Can the systems and applications you develop communicate with users? Can they truly recognize text or speech, understand the meaning, and then dynamically generate intelligent responses? That capability, which can enhance efficiency through automation and accelerate decision-making, is in growing demand in some vertical markets. And you can provide it to your users with natural language generation (NLG) technology.
Jay DeWalt, COO of Arria NLG, says although you may hear natural language processing (NLP) and natural language understanding (NLU) used interchangeably with NLG, they differ significantly.
“NLP and NLU process textual data. Virtual assistants hear a question and then respond with an answer from a template or data from a website. It’s all about the questions,” DeWalt explains. “NLG is 180-degrees the opposite. NLG generates language from data and is all about the Answers.”
DeWalt says you may use all three technologies in a conversational stack: NLP and NLU to recognize speech or text and understand the meaning of the questions the user is asking, and then NLG to generate the response.
Arria’s technology takes NLG further. It dynamically generates stories or reports, similar to how a human professional could. Arria accomplishes this with a tool that captures how humans think. When the Arria solution hears or reads data, it can sort, compare, or perform other tasks that the brain does instantaneously. “The cool thing is Arria can do it at massive scale,” he says. “And the data can change, and Arria can generate new language from it dynamically.”
DeWalt says once language is generated, it can be pushed to a presentation layer — such as a dashboard, Word document, speech synthesis, or HTML page — to communicate with users.
NLG Tells the Story
Systems levering this technology can, for example, determine and report insights from a spreadsheet or data set, and when new data is added dynamically generate a new response or report, which can accelerate business decision-making.
DeWalt says early adopters of NLG technology are proving value and ROI:
Financial Planning & Analysis:
Organizations use NLG to generate written (or voice) reports in real time, investor reports, or financial analysis for clients. When integrated with business intelligence dashboards, NLG narratives complement data visualizations with diagnostic explanations in human language that add depth and context to analyses.
Pharmaceutical: NLG is providing value during clinical trials, aggregating and summarizing data from participating physicians, detecting anomalies, and generating final reports. The clock starts on a pharmaceutical patent’s validity at the beginning of the clinical trial, so quickly managing reporting can maximize the company’s market window. NLG also enables more efficient and cost-effective reporting.

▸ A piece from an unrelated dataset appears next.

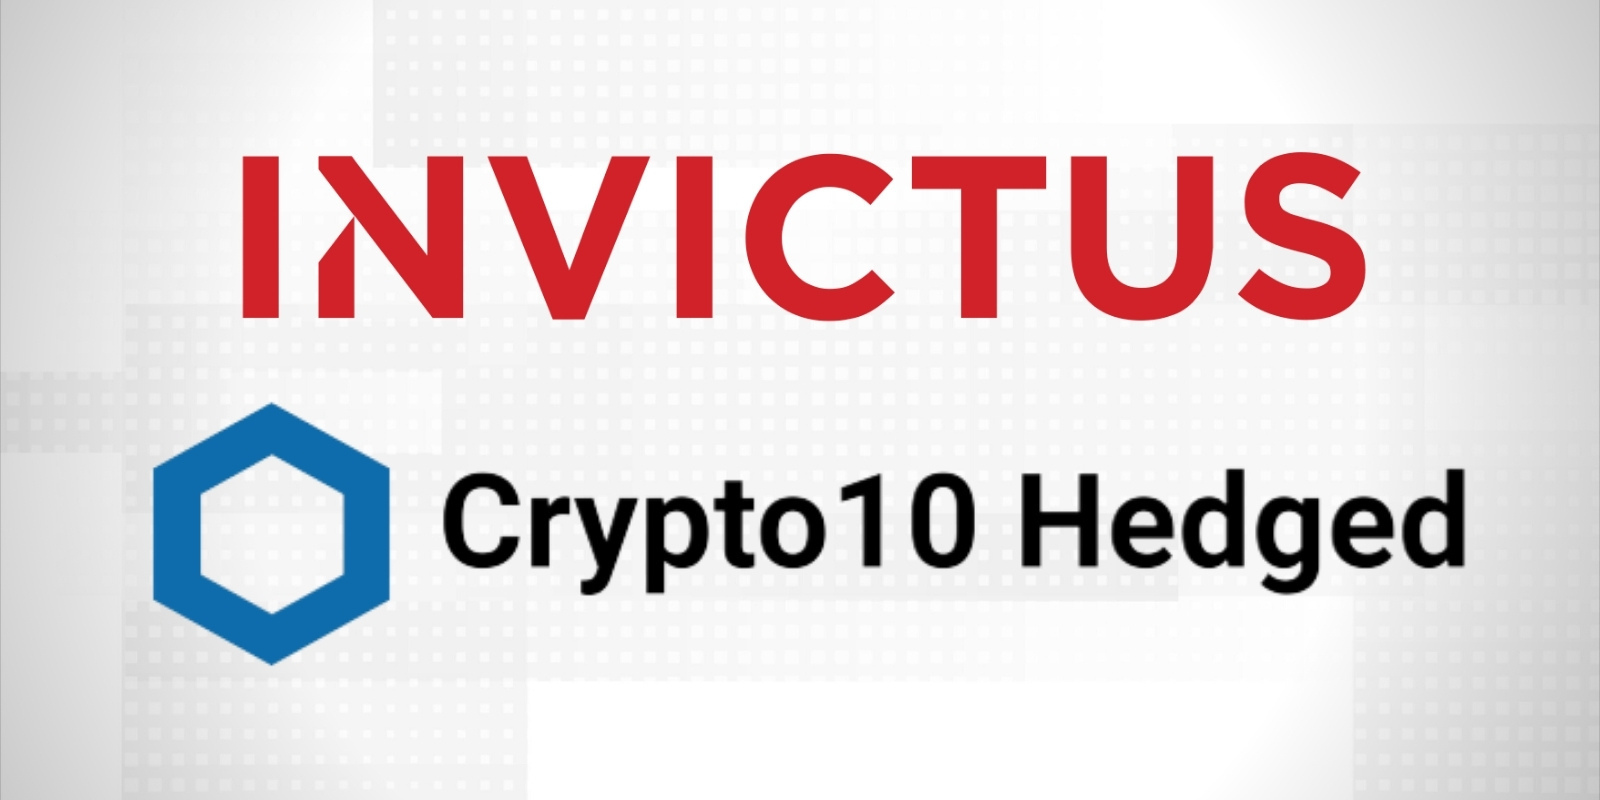 Ne craignez plus la volatilité du marché grâce à Invictus Capital et son indice Crypto10

Retail: NLG can create content for specific buyer personas, making messaging and promotions more relevant — and effective. For online retailers, NLG can personalize product descriptions for each customer in real time by leveraging internal records, online analytics and other data sets from multiple sources. It can also automate routine tasks so retailers can focus on business growth.
DeWalt says Arria also sees NLG used successfully as a complement to robotic process automation (RPA). For FP&A professionals, RPA-NLG integrations streamline corporate practices of gathering, processing, modeling and NLG finalizes the reporting of data.
RPA platforms process vast amounts of information more quickly than ever before—for example, by automating the ingestion and analysis of both structured and unstructured data with public filings and flagging changes in sentiment on which a research analyst can focus. NLG then processes the data to create sophisticated narratives in a format similar to that written by a human subject matter expert in near real-time.
“Many steps in a workflow process require that a human engages or interacts,” he points out. “So, incorporating NLG can engage the knowledge worker with language.” He adds that NLG-RPA solutions can push out narratives, custom-tailored to specific readers, automatically facilitating communication between robots and humans.
Advice: Choose One Use Case to Start
DeWalt says as soon as Arria’s customers and partners see the potential of their NLG technology, they start imagining uses for it everywhere. “But you have to start somewhere,” he says. “Be focused, choose your first use case and implement it.” This course of action allows you to demonstrate value quickly and then to look for other use cases where it can be applied.
When you reach that point, buckle up. DeWalt comments, “Speed of adoption becomes interesting.”
Arria Connect™, the plug-in used to integrate Arria’s NLG technology with UiPath automations, is now part of UiPath’s ecosystem. For UiPath developers who want to leverage NLG in their automation tasks Arria’s activities are designed to accept either tabular data or JSON data, obtained from an upstream process, into Arria’s NLG Studio platform. Arria’s activities allow users to make API requests to a published Studio project, which then returns a narrative to be consumed by the next UiPath activity.